For a long time, our culture has treated addiction and recovery as an all-or-nothing process. People are often told they must hit rock bottom, become fully ready, or commit to lifelong abstinence before change can begin.

But many people don’t change that way.

Change often starts with curiosity - noticing patterns, asking questions, or simply wondering if life might feel different.

I’ve learned that lesson more than once.

When I was 24, I knew my drinking wasn’t helping me. I tried to quit and went to AA looking for support. The people there were kind, but I wasn’t ready to promise sobriety forever. At that point in my life, that kind of commitment felt impossible.

So I left without much support and went back to doing what I had always done.

A decade later my life felt incredibly hard again, and alcohol was part of that.

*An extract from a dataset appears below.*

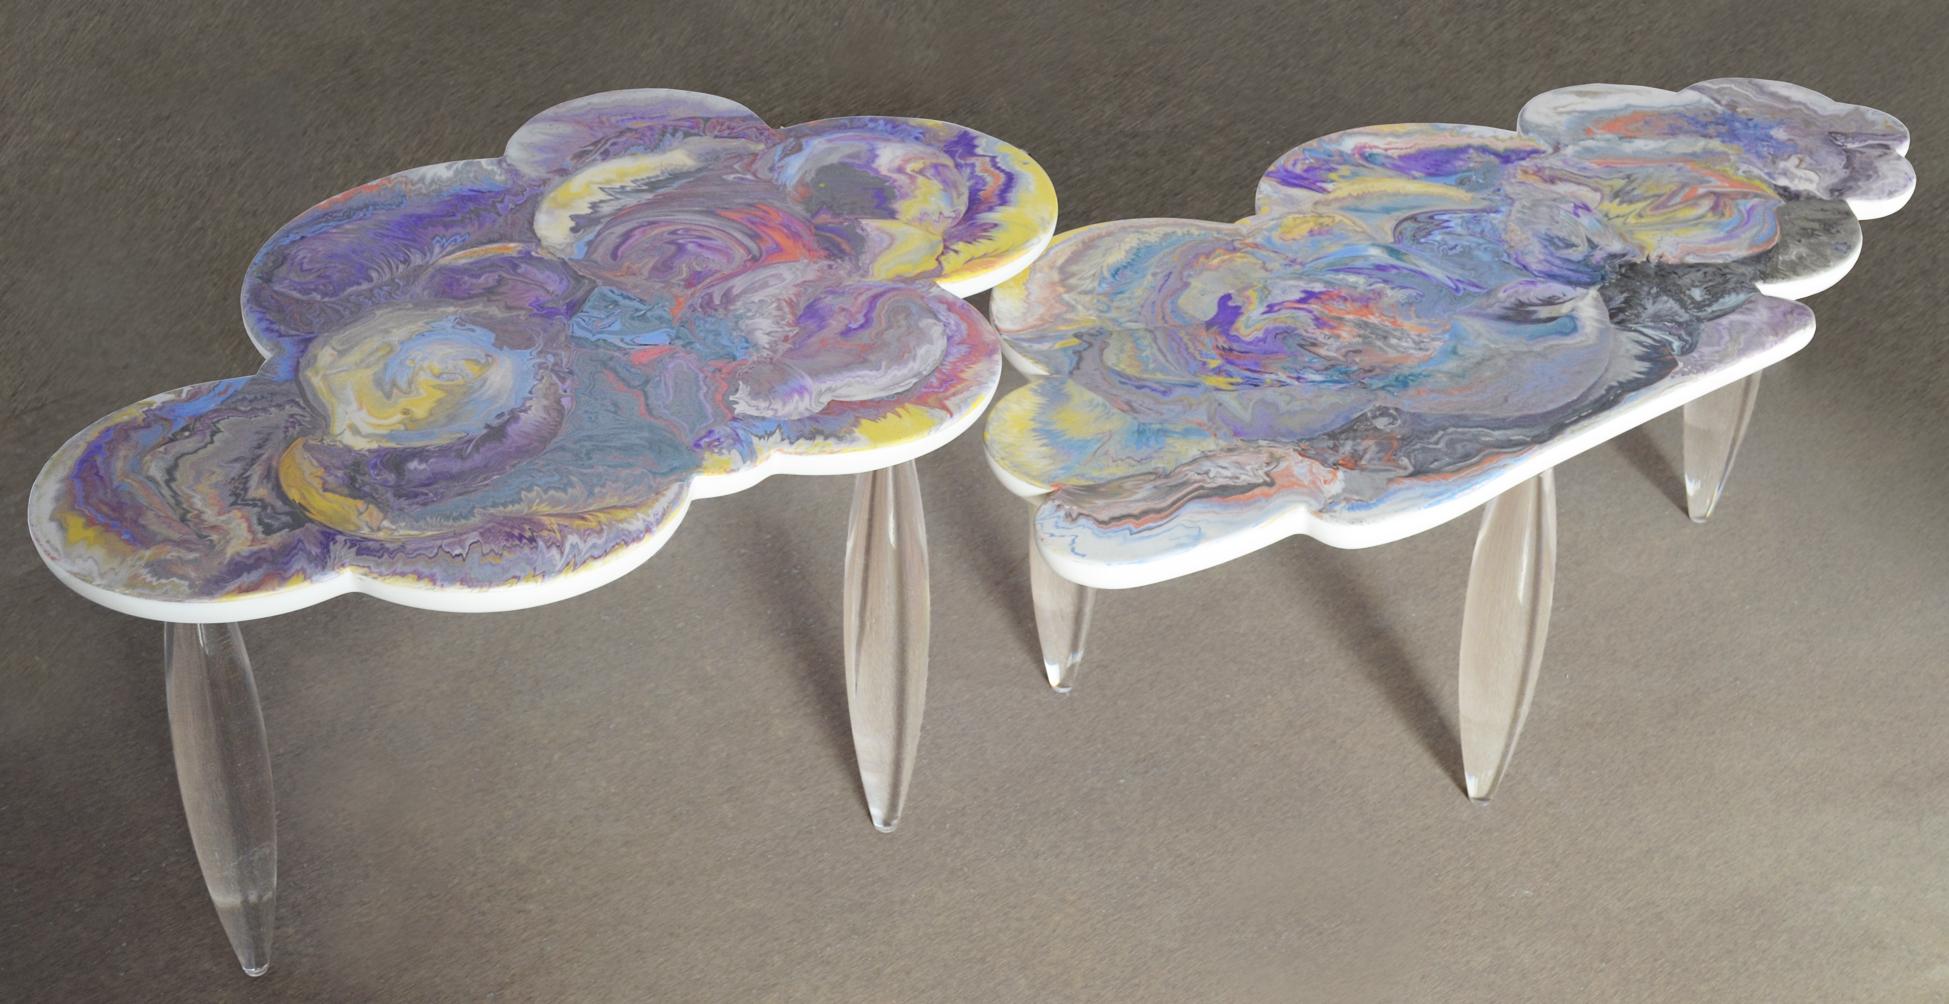 Hand-Crafted Cupioli Cloud Coffee Table Scagliola art top  plexiglass legs handmade in Italy
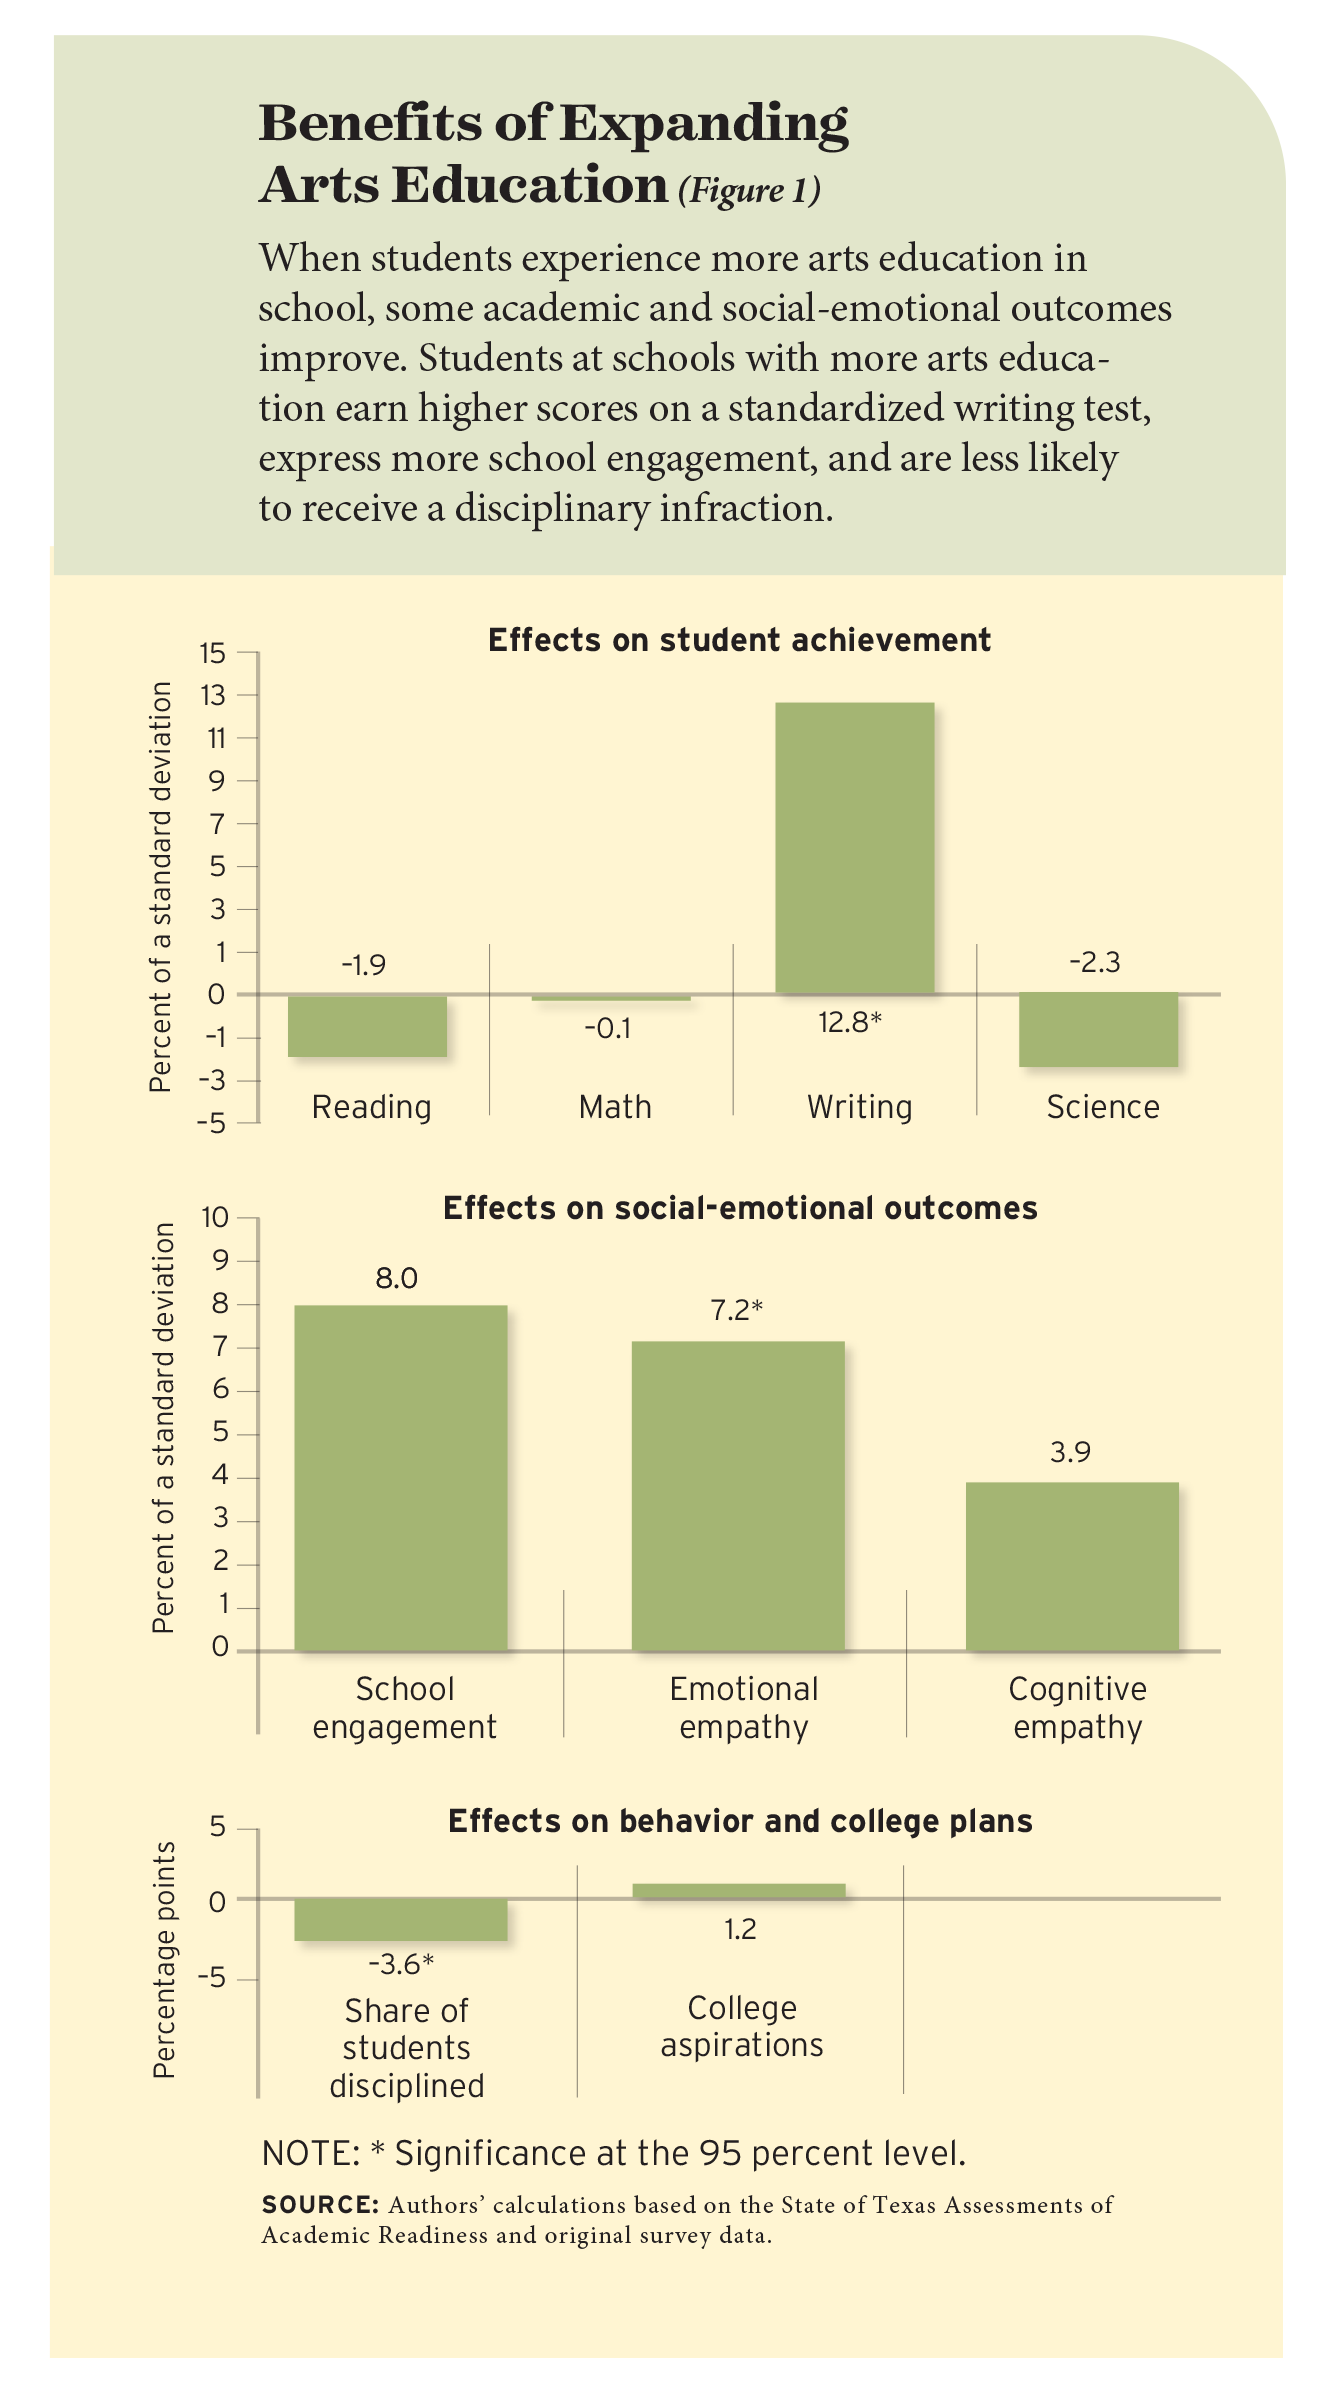 Figure 1: Benefits of Expanding Arts Education

My family encouraged me to stop drinking, but I still wasn’t ready to make a forever decision.

So instead, I tried something simple.

I said I would take 100 days off from drinking and get some help and support along the way. I didn’t want to do it on my own.

It wasn’t a commitment to sobriety. It was simply a chance to step back, pay attention, and see what I might learn.

During that break I started noticing things - how alcohol affected my stress, my mood, and the way I showed up in my life.

That small experiment eventually led me to choose sobriety. But the real shift wasn’t the alcohol itself.

The real shift was learning how to understand myself.

That process led me to study behavior change, mindfulness, and positive psychology, and eventually into coaching and teaching.

Today my work focuses on helping people explore their relationship with alcohol and with themselves.

Sometimes that exploration leads to sobriety.
Sometimes it leads to drinking less or drinking differently.
Sometimes it simply leads to living with more awareness and intention.

All of those paths deserve support.

Many people who begin questioning their relationship with alcohol don’t have many places to turn. Most support still begins after someone has already decided to quit.

A big part of my work is creating space for people earlier in that process - when they’re still questioning, experimenting, and trying to understand what they want for their lives.

Because lasting change rarely begins with a declaration.

More often, it begins with curiosity, support, and the willingness to try something different.

I live in Colorado with my wife and our two daughters. When I’m not coaching or teaching, you’ll usually find me outside hiking, reading something new, or watching documentaries - and occasionally, some truly trashy TV. I have a serious weakness for cupcakes and ice cream, and I’m always on the hunt for a great scoop.